DATA LISTING:
____________

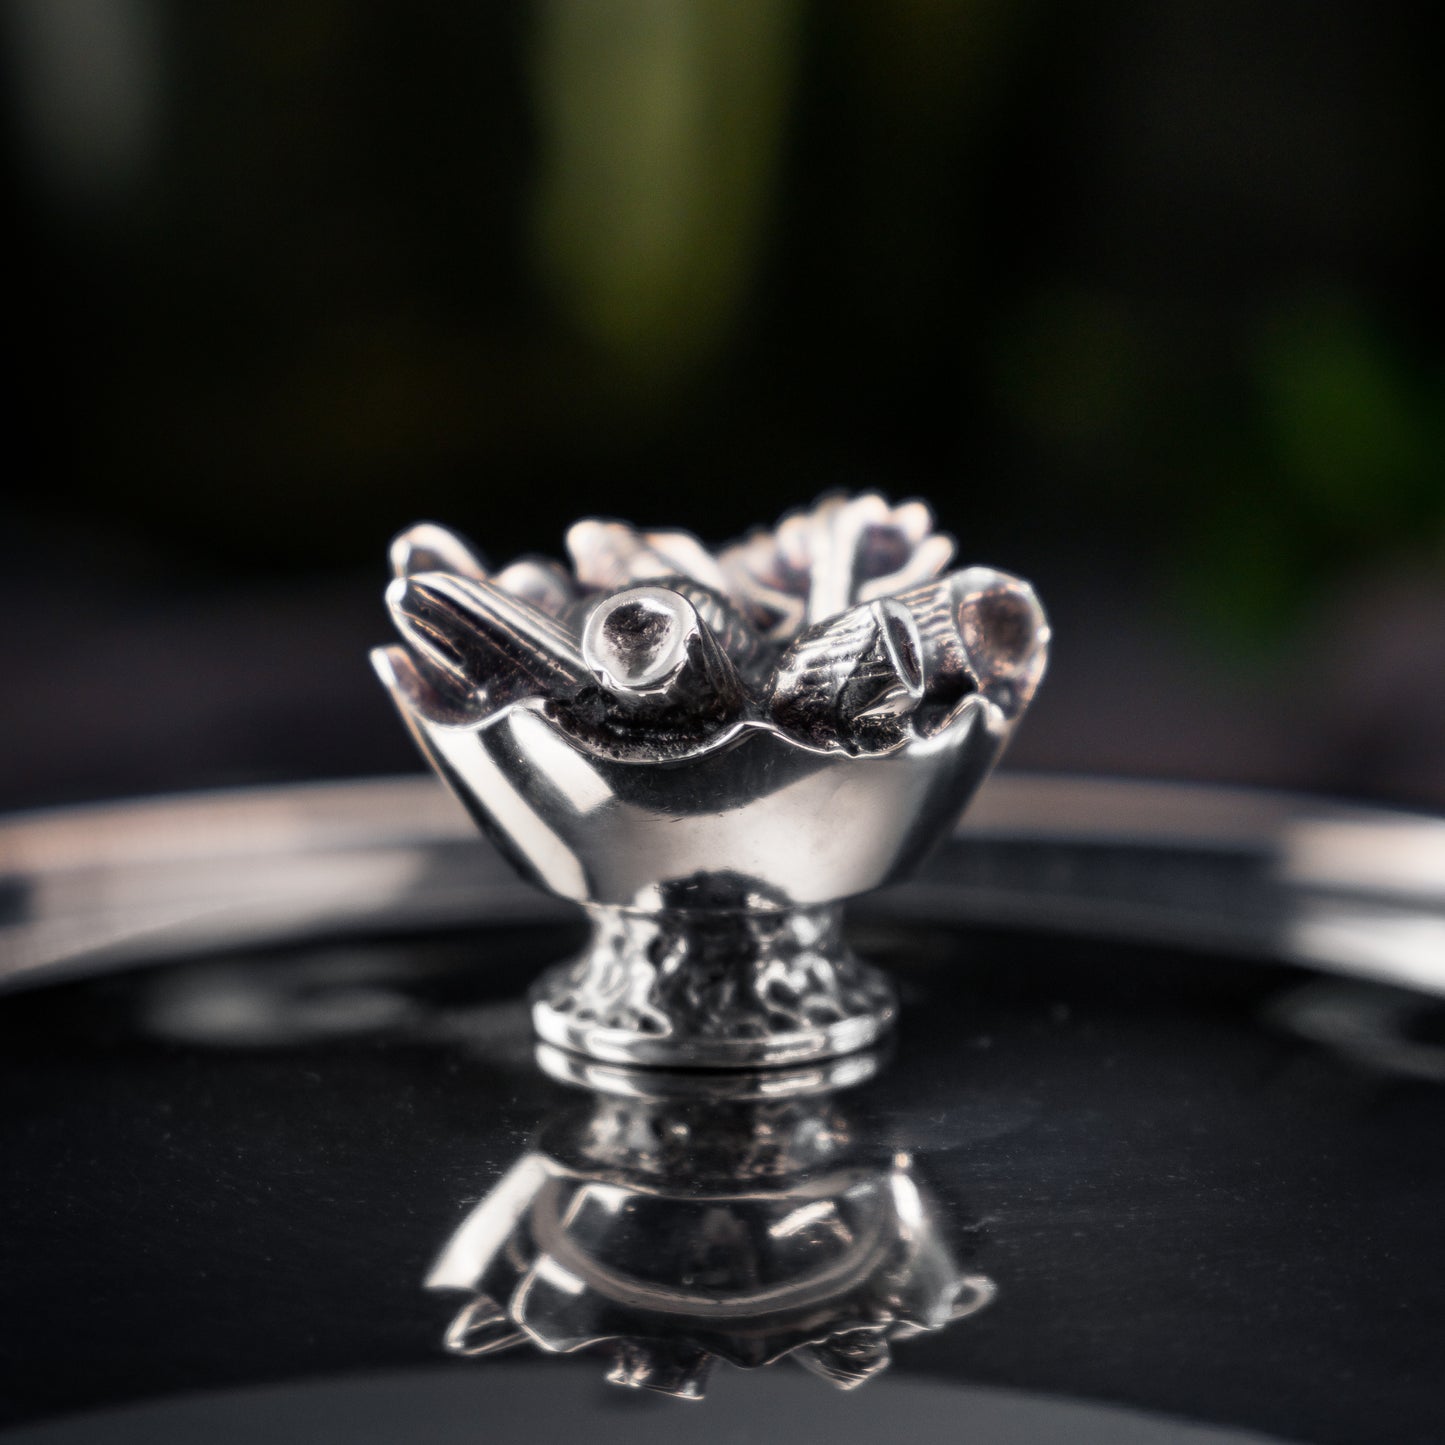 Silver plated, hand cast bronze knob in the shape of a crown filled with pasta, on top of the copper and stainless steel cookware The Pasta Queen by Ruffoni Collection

____________

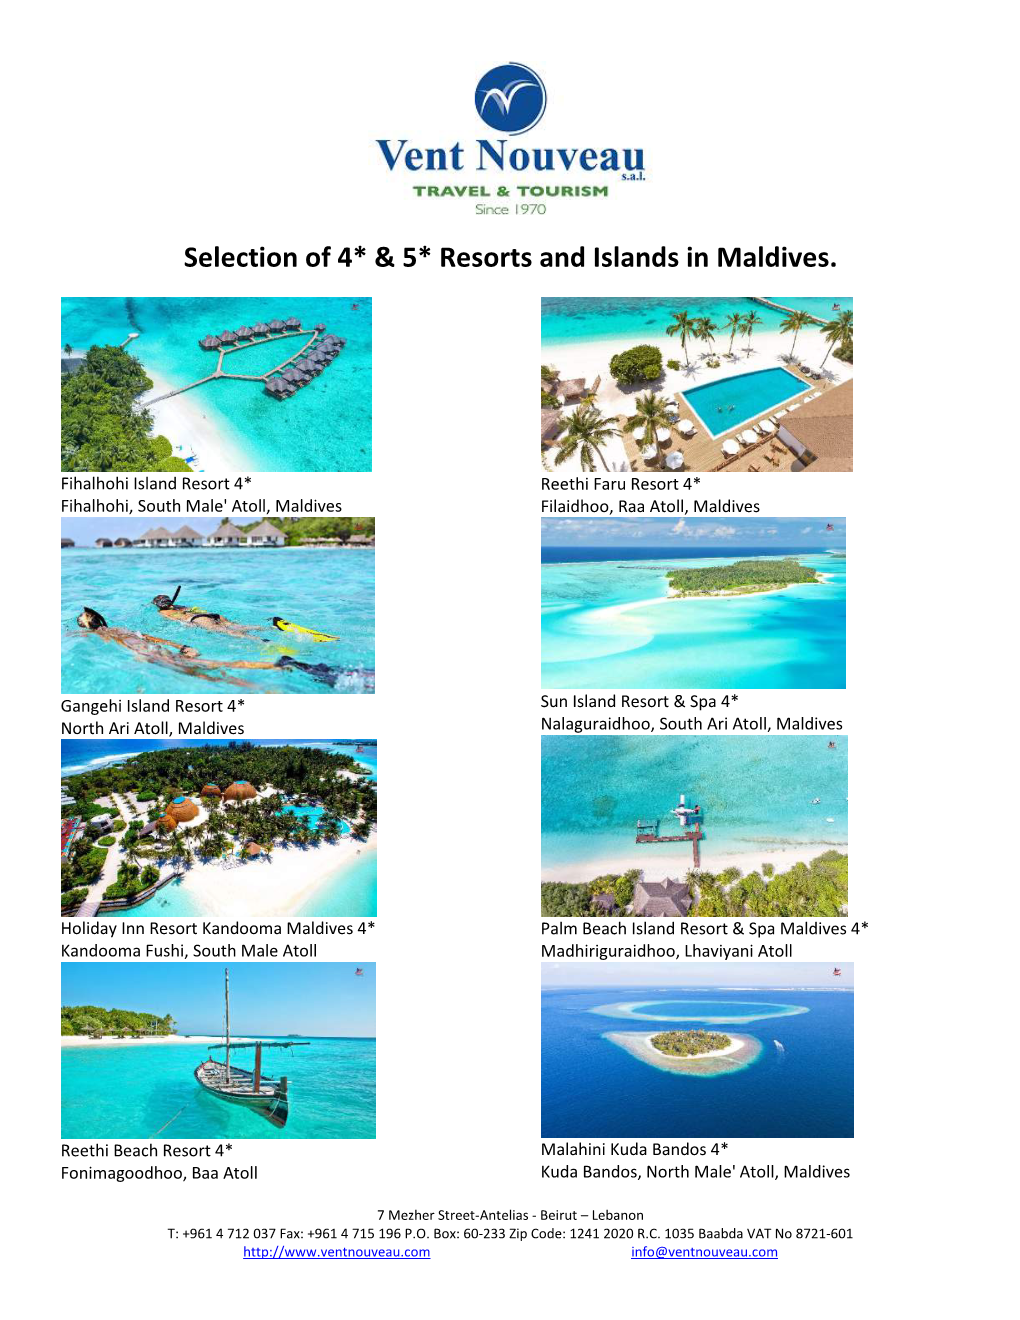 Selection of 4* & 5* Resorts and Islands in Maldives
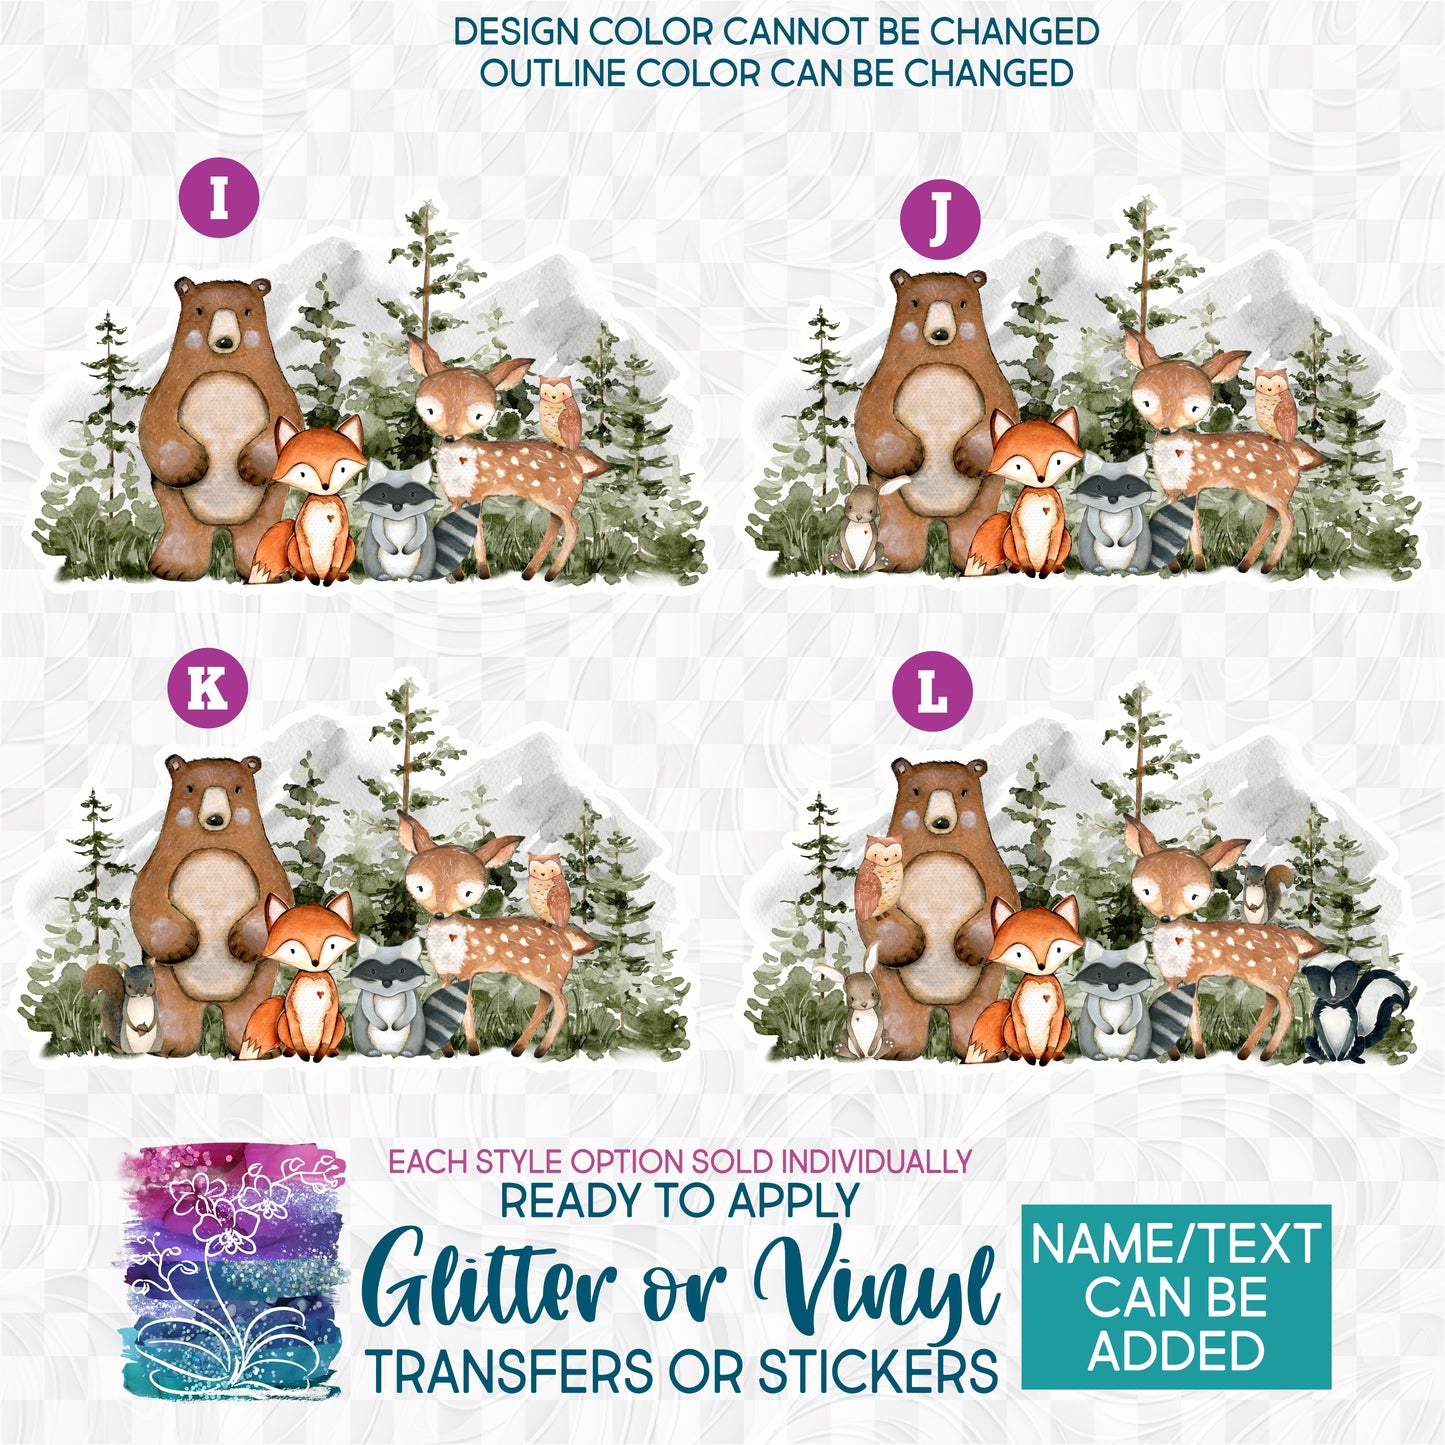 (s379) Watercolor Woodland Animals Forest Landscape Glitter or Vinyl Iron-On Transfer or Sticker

____________

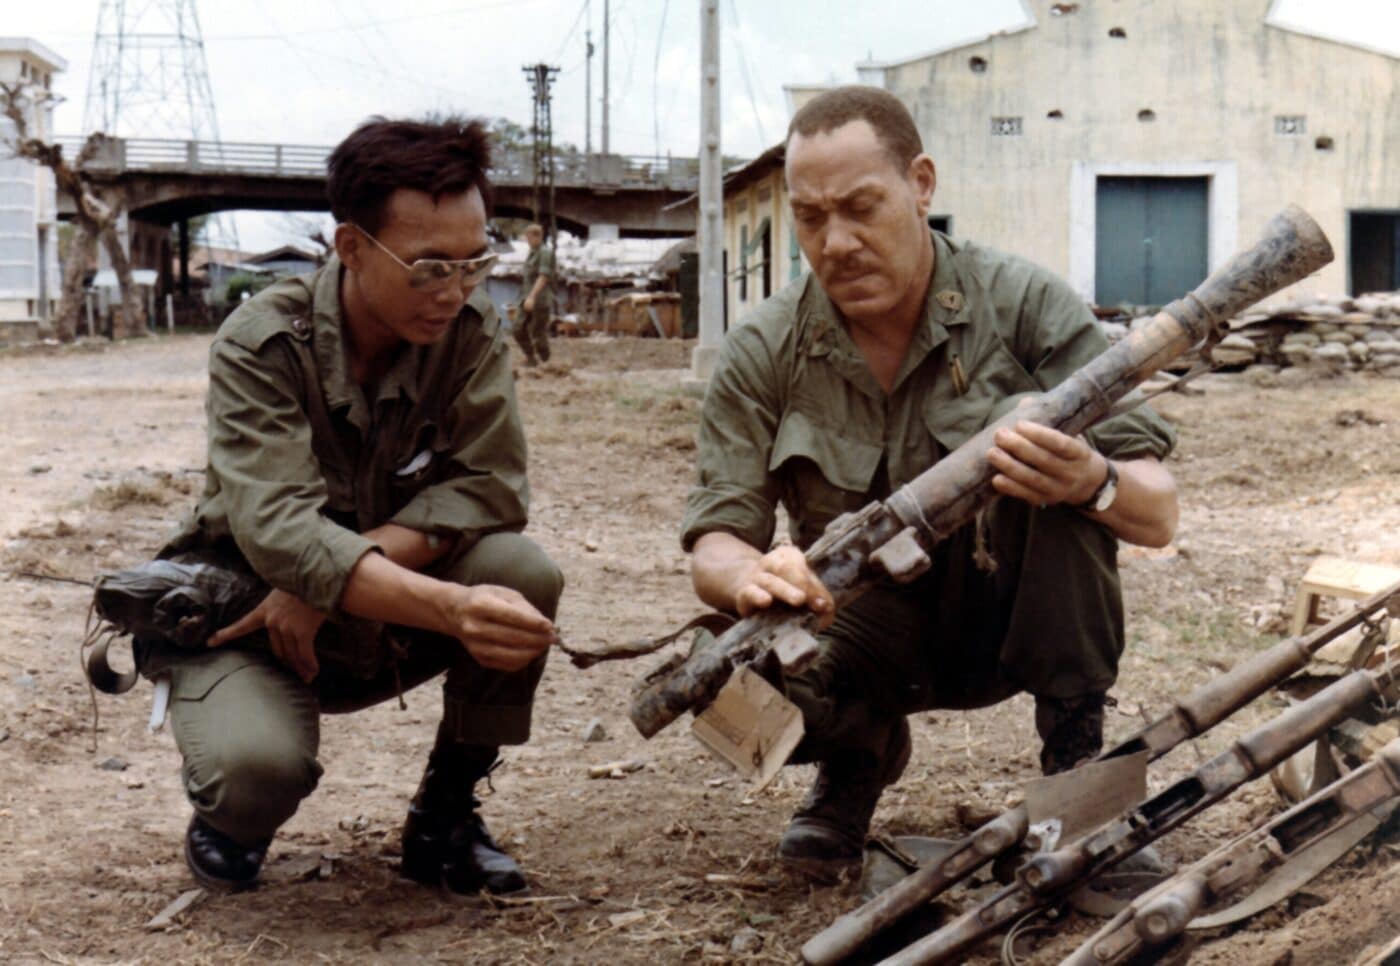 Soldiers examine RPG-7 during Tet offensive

____________

EXERCISE GOAL:
Of the lines above, copy only those from the one holding "Selection of 4*" to the one holding "(s379) Watercolor Woodland", both included, and exclude every image.

SOLUTION TO THIS EXERCISE:
 Selection of 4* & 5* Resorts and Islands in Maldives
 (s379) Watercolor Woodland Animals Forest Landscape Glitter or Vinyl Iron-On Transfer or Sticker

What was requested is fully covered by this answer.